I have a dataframe that looks like
RMSE SELECTED DATA information
0 100 [12, 15, 19, 13] (arr1, str1, fl1)
1 200 [7, 12, 3] (arr2, str2, fl2)
2 300 [5, 9, 3, 3, 3, 3] (arr3, str3, fl3)
Here, I want to break up the information
column into three distinct columns: the first column containing the arrays , the second column containing the string and the last column containing the float Thus the new dataframe would look like
RMSE SELECTED DATA ARRAYS STRING FLOAT
0 100 [12, 15, 19, 13] arr1 str1 fl1
1 200 [7, 12, 3] arr2 str2 fl2
2 300 [5, 9, 3, 3, 3, 3] arr3 str3 fl3
I thought one way would be to isolate the information
column and then slice it using .apply
like so:
df['arrays'] = df['information'].apply(lambda row : row[0])

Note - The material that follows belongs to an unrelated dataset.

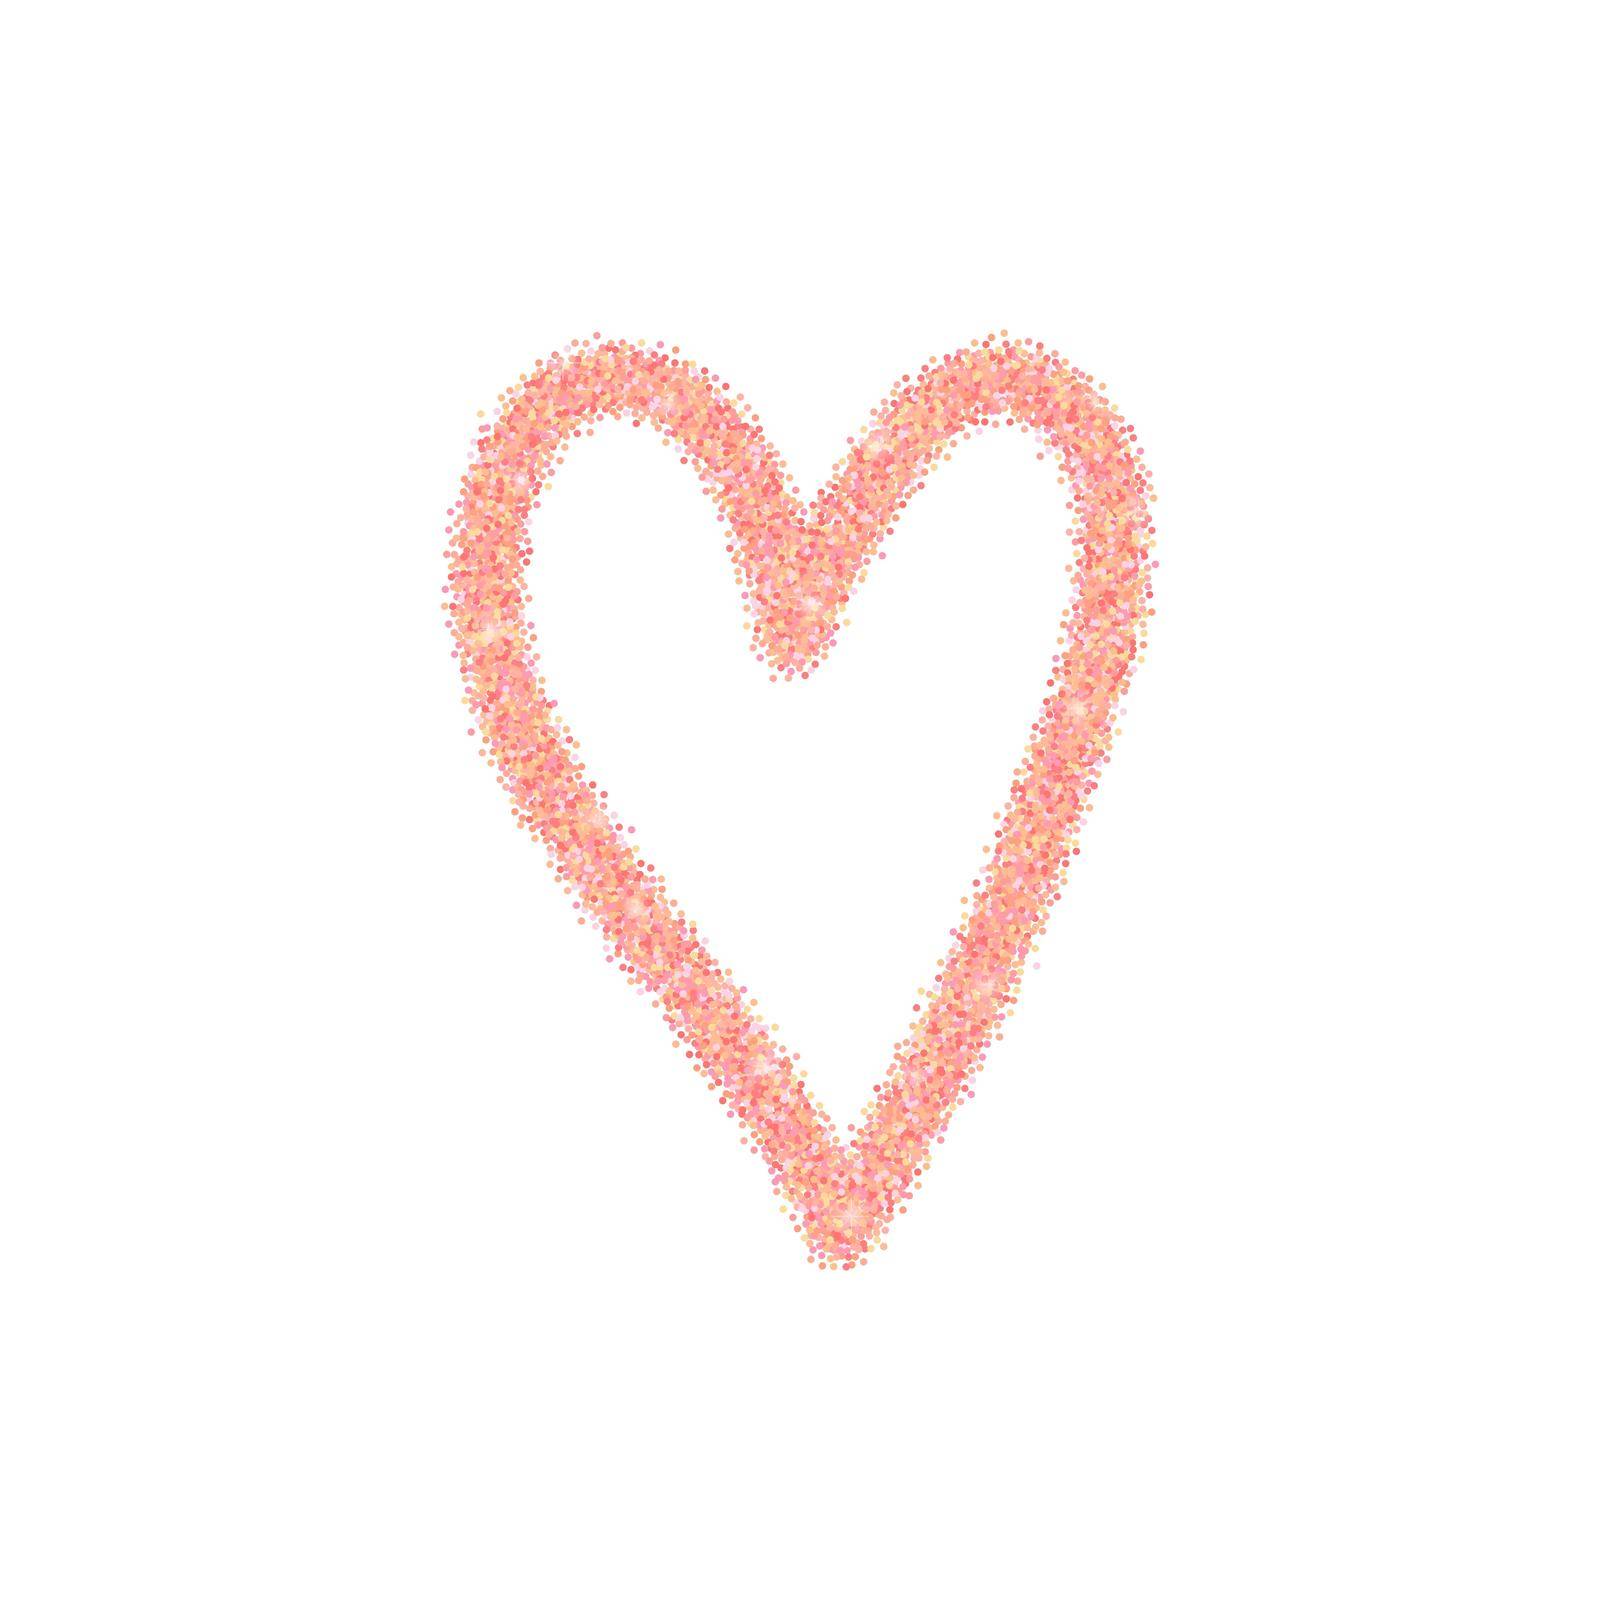 Rose gold glitter heart isolated on white background.
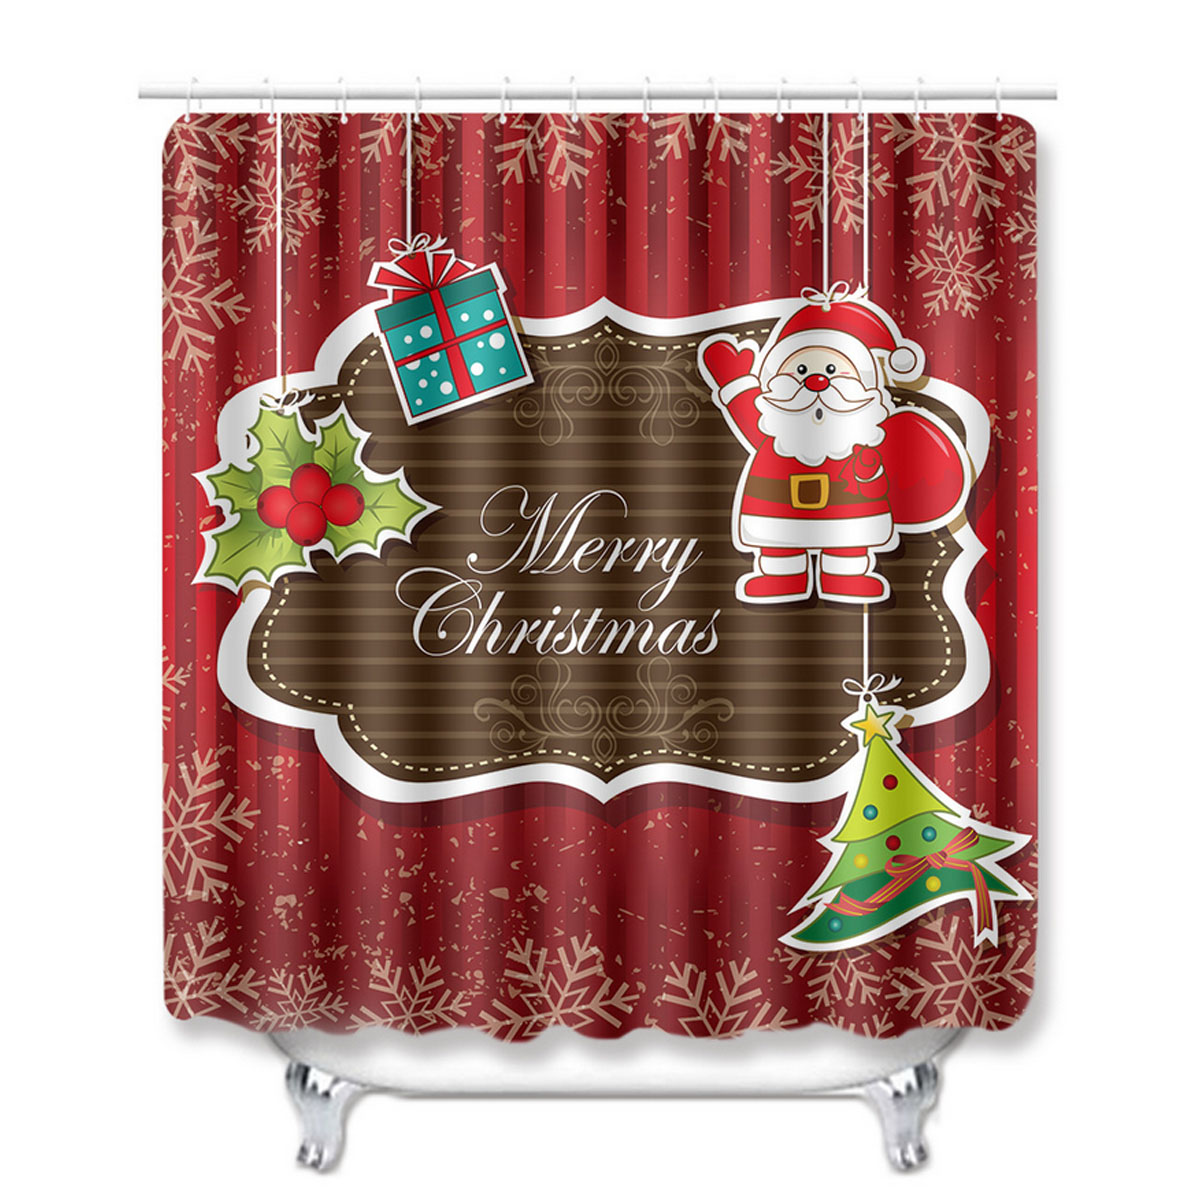 Christmas-Santa-Claus-Waterproof-Shower-Curtain-Set-Bath-Mat-Set-Toilet-Cover-1591262-3

and do this for each entry. But I was curious if there is a better way to do this as if there are many more entries it may become tedious or slow with a for loop
CodePudding user response:
Let us recreate the dataframe
tojoin = pd.DataFrame(df.pop('information').to_numpy().tolist(),
index = df.index,
columns = ['ARRAYS', 'STRING', 'FLOAT'])
df = df.join(tojoin)